24.16 См. прим. 58 к гл. 8 и прим. 28 к гл. 10.
24.17 Примером этому является Г. Уэллс, который дал превосходное название первой главе своей книги «Здравый смысл войны и мира»: «Взрослым людям не требуются вожди» (H. G. Wells. The Common Sense of War and Peace, 1940, ch. 1: Grown Men Do Not Need Leaders). (См. также прим. 2 к гл. 22.)
24.18 О проблеме терпимости и о парадоксе терпимости см. прим. 4 к гл. 7.
24.19 «Мир» не рационален, но задача науки состоит в том, чтобы рационализировать его. «Общество» не рационально, но задача социального конструктора, или инженера, состоит в том, чтобы рационализировать его. (Это, разумеется, не означает ни того, что он должен «управлять» им, ни того, что желательно иметь централизованное, или коллективное, «планирование».) Естественный язык не рационален, но наша задача заключается в том, чтобы рационализировать его, или по меньшей мере сохранить его стандарты ясности. Позиция, представленная таким образом, может быть названа «прагматическим рационализмом». Этот прагматический рационализм так же относится к некритическому рационализму и иррационализму, как к ним относится и критический рационализм. К примеру, некритический рационализм может утверждать, что мир рационален, а задачей науки является раскрытие этой рациональности. В то же время иррационалист может настаивать на том, что мир, будучи в своей основе иррациональным, должен исследоваться и использоваться с помощью чувств и страстей (или нашей интеллектуальной интуиции), а не методами науки. В отличие от них прагматический рационализм может, признавая, что мир не рационален, требовать, чтобы мы рассматривали его с помощью разума или подчиняли его разуму в той мере, в какой это возможно. Используя слова Р. Карнапа (R. Carnap.

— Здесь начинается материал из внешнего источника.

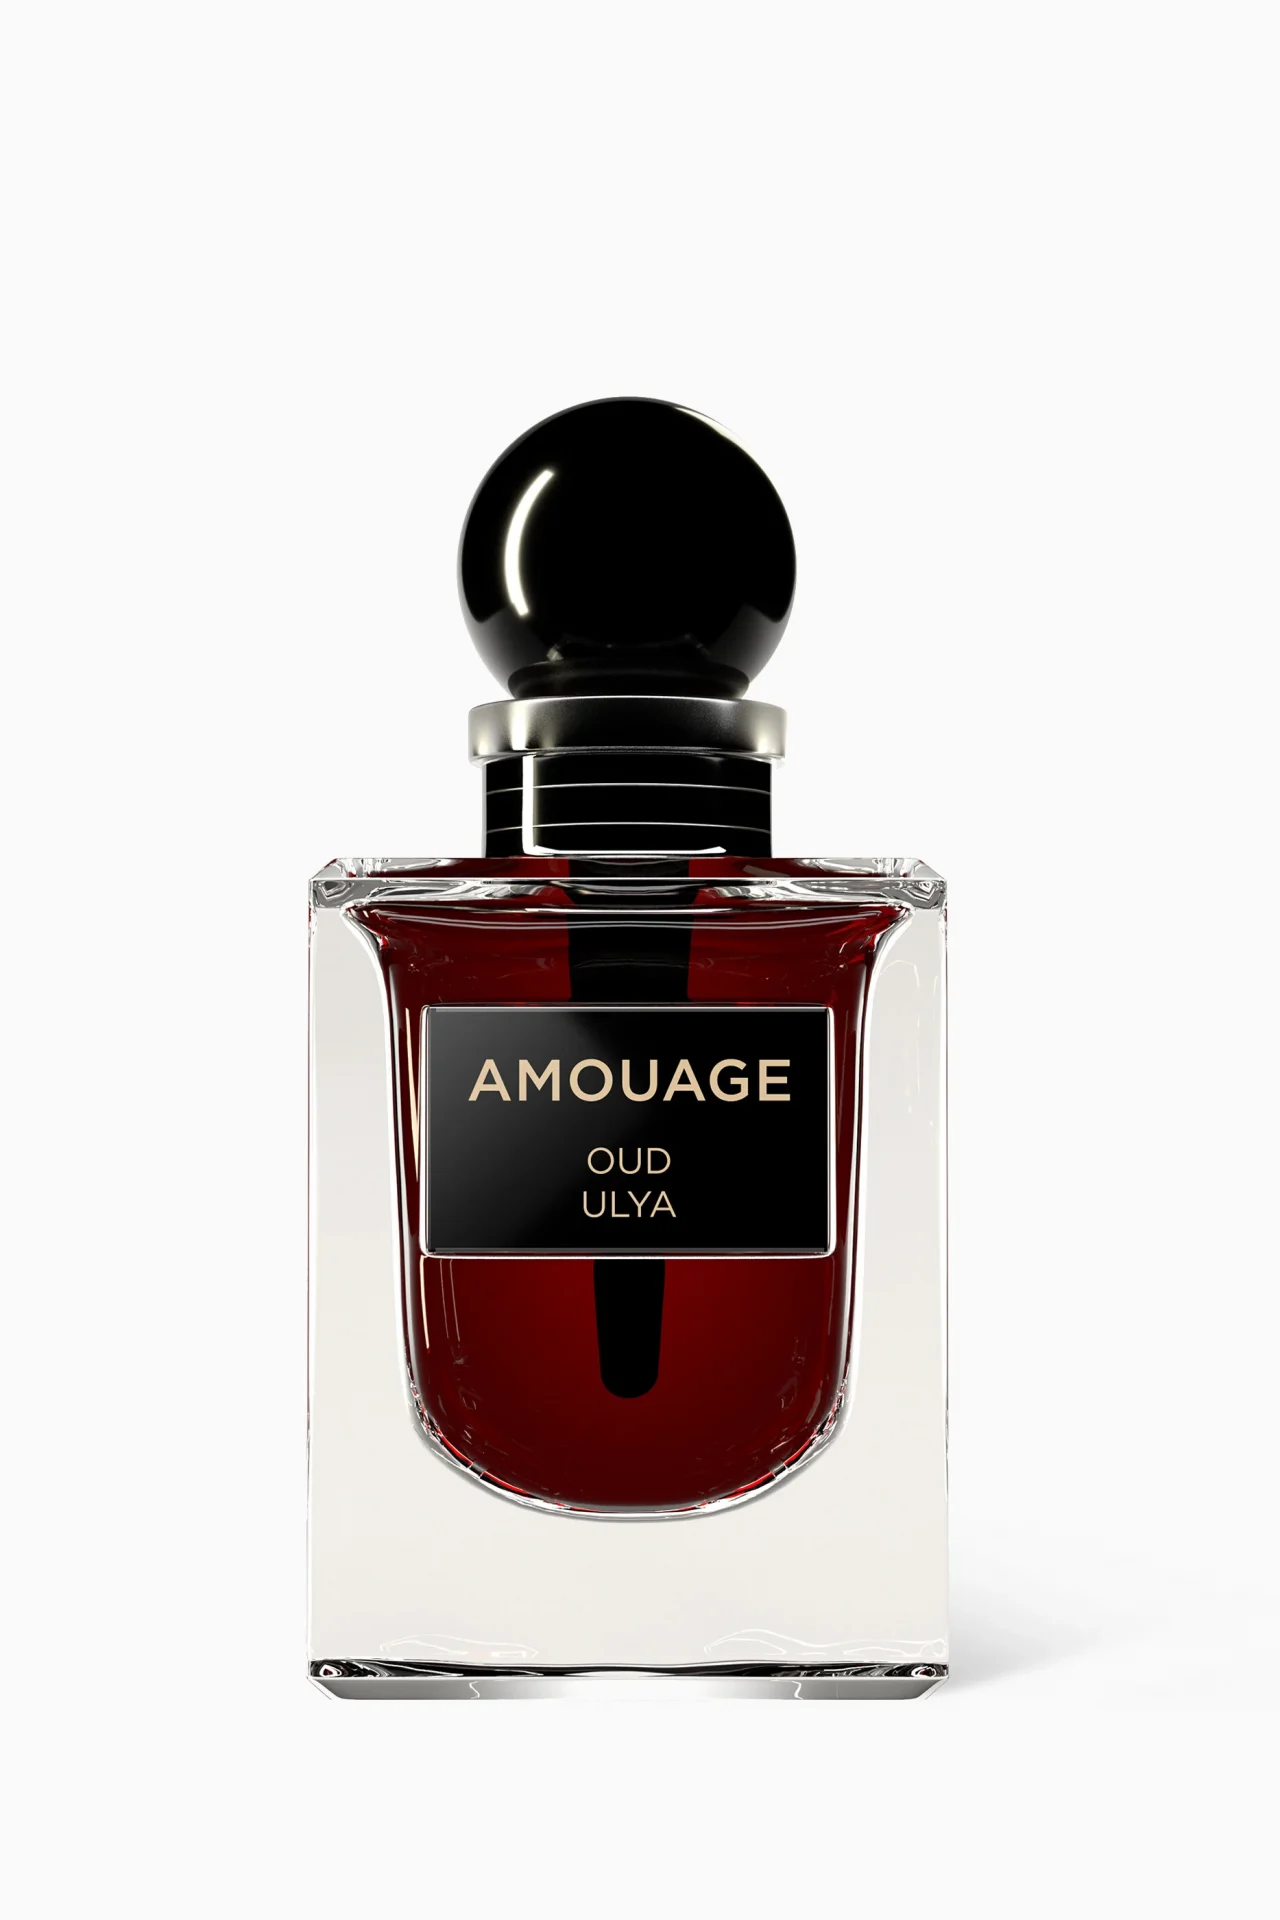 19 of The Best Oud Perfumes For Fragrance Lovers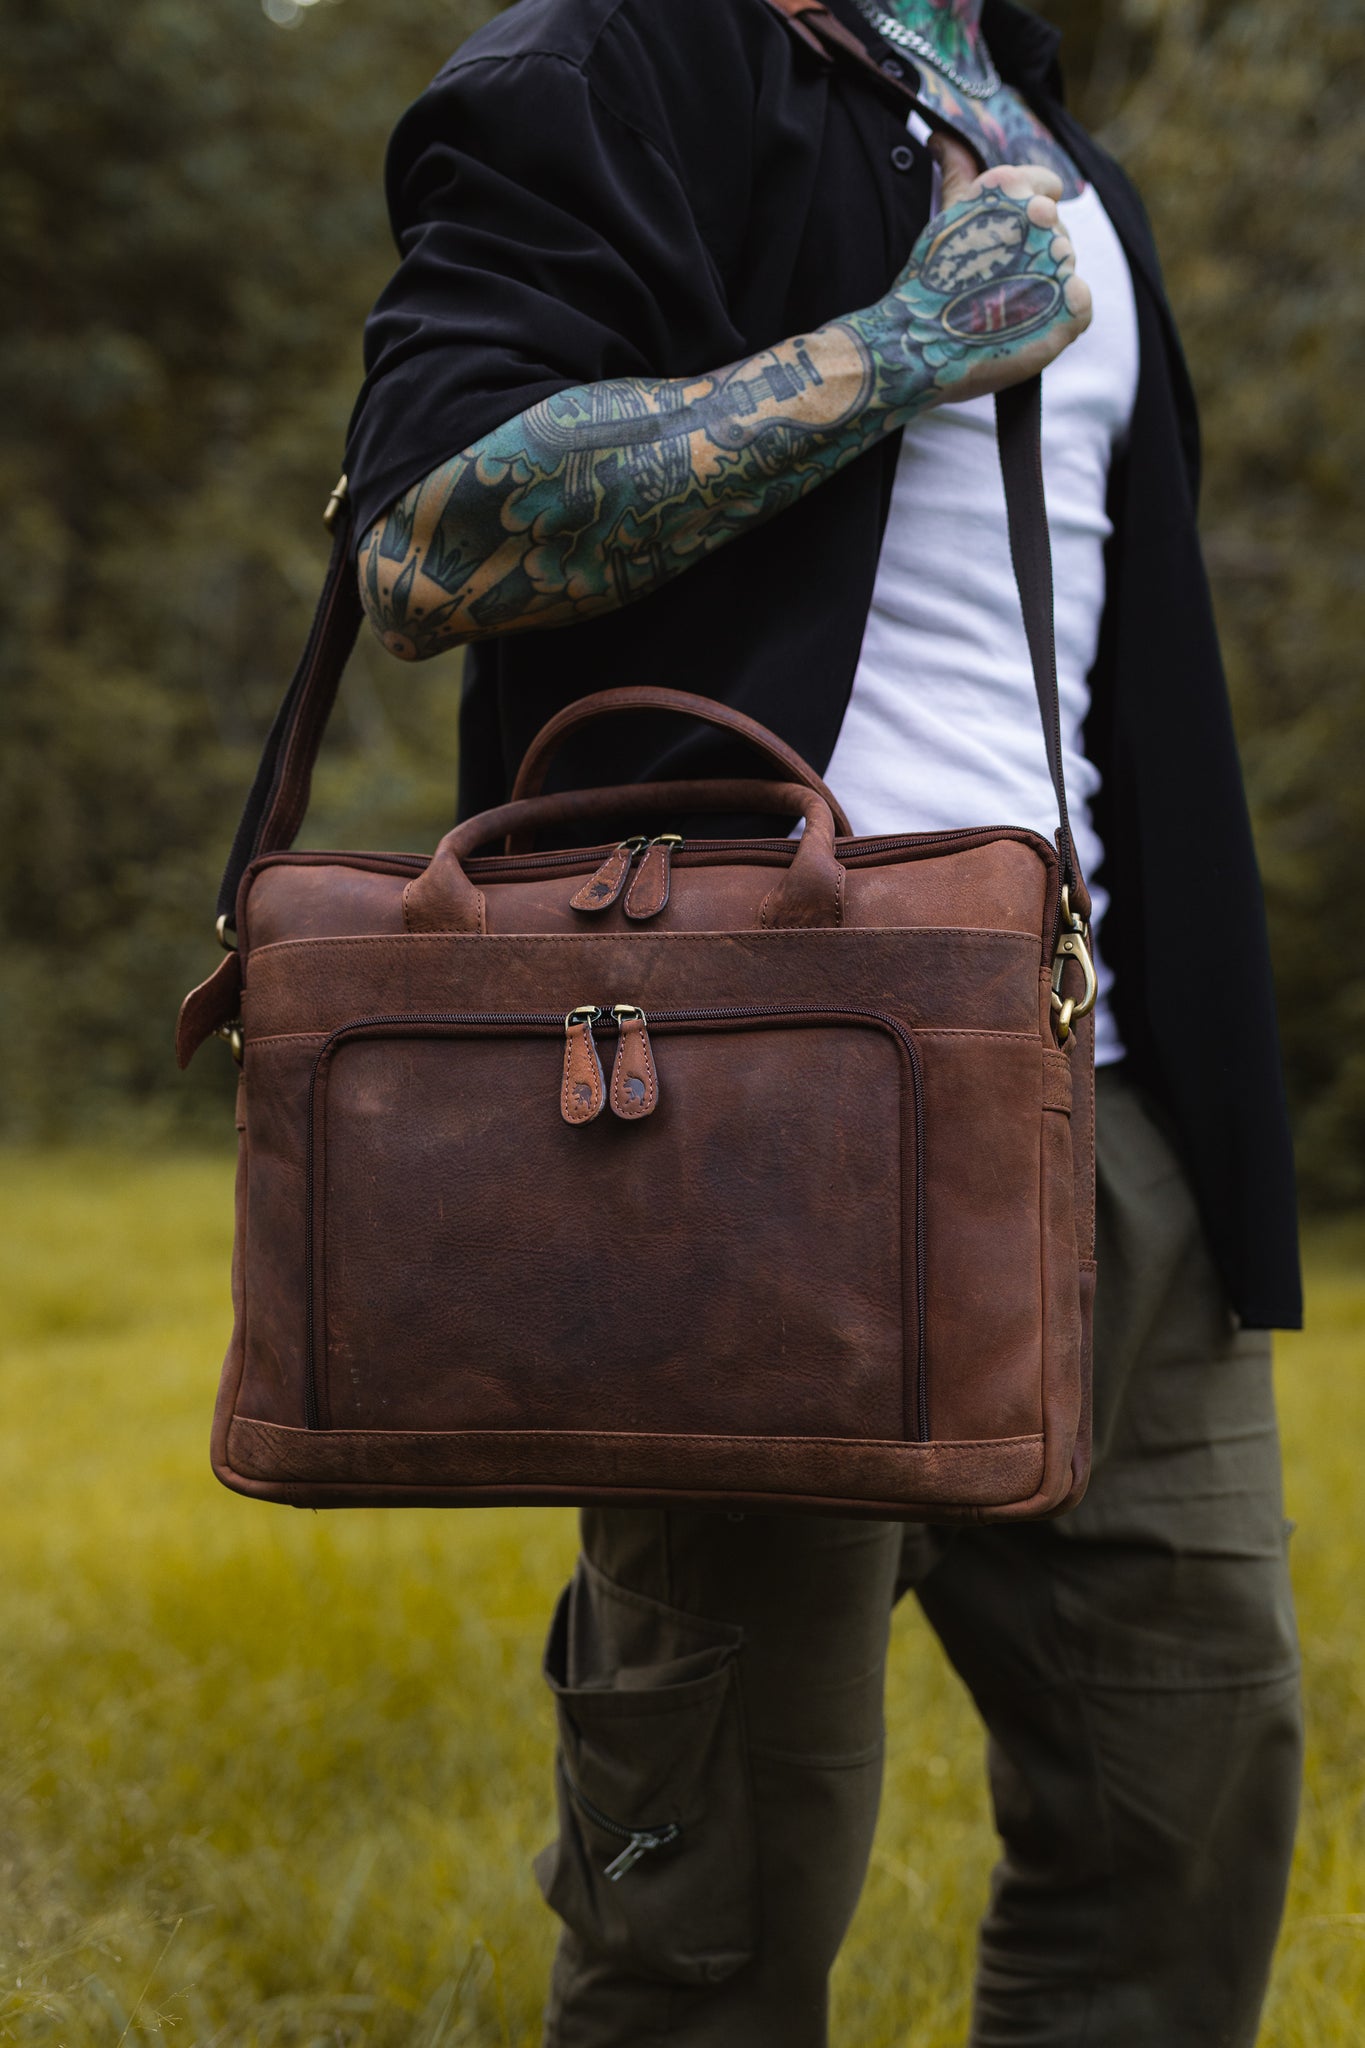 Tips for Organising Your Documents in a Stylish Leather Laptop Document Bag

Der Logische Aufbau der Welt, 1928, S. VI), то, что я называю «прагматическим рационализмом», можно описать как «подход, который стремится к ясности во всем, однако признает, что связь между явлениями жизни никогда не будет полностью доступна пониманию, никогда не будет полностью рациональной».
24.20 К вопросу о стандартах ясности нашего языка см. предыдущее примечание, а также прим. 30 к гл. 12.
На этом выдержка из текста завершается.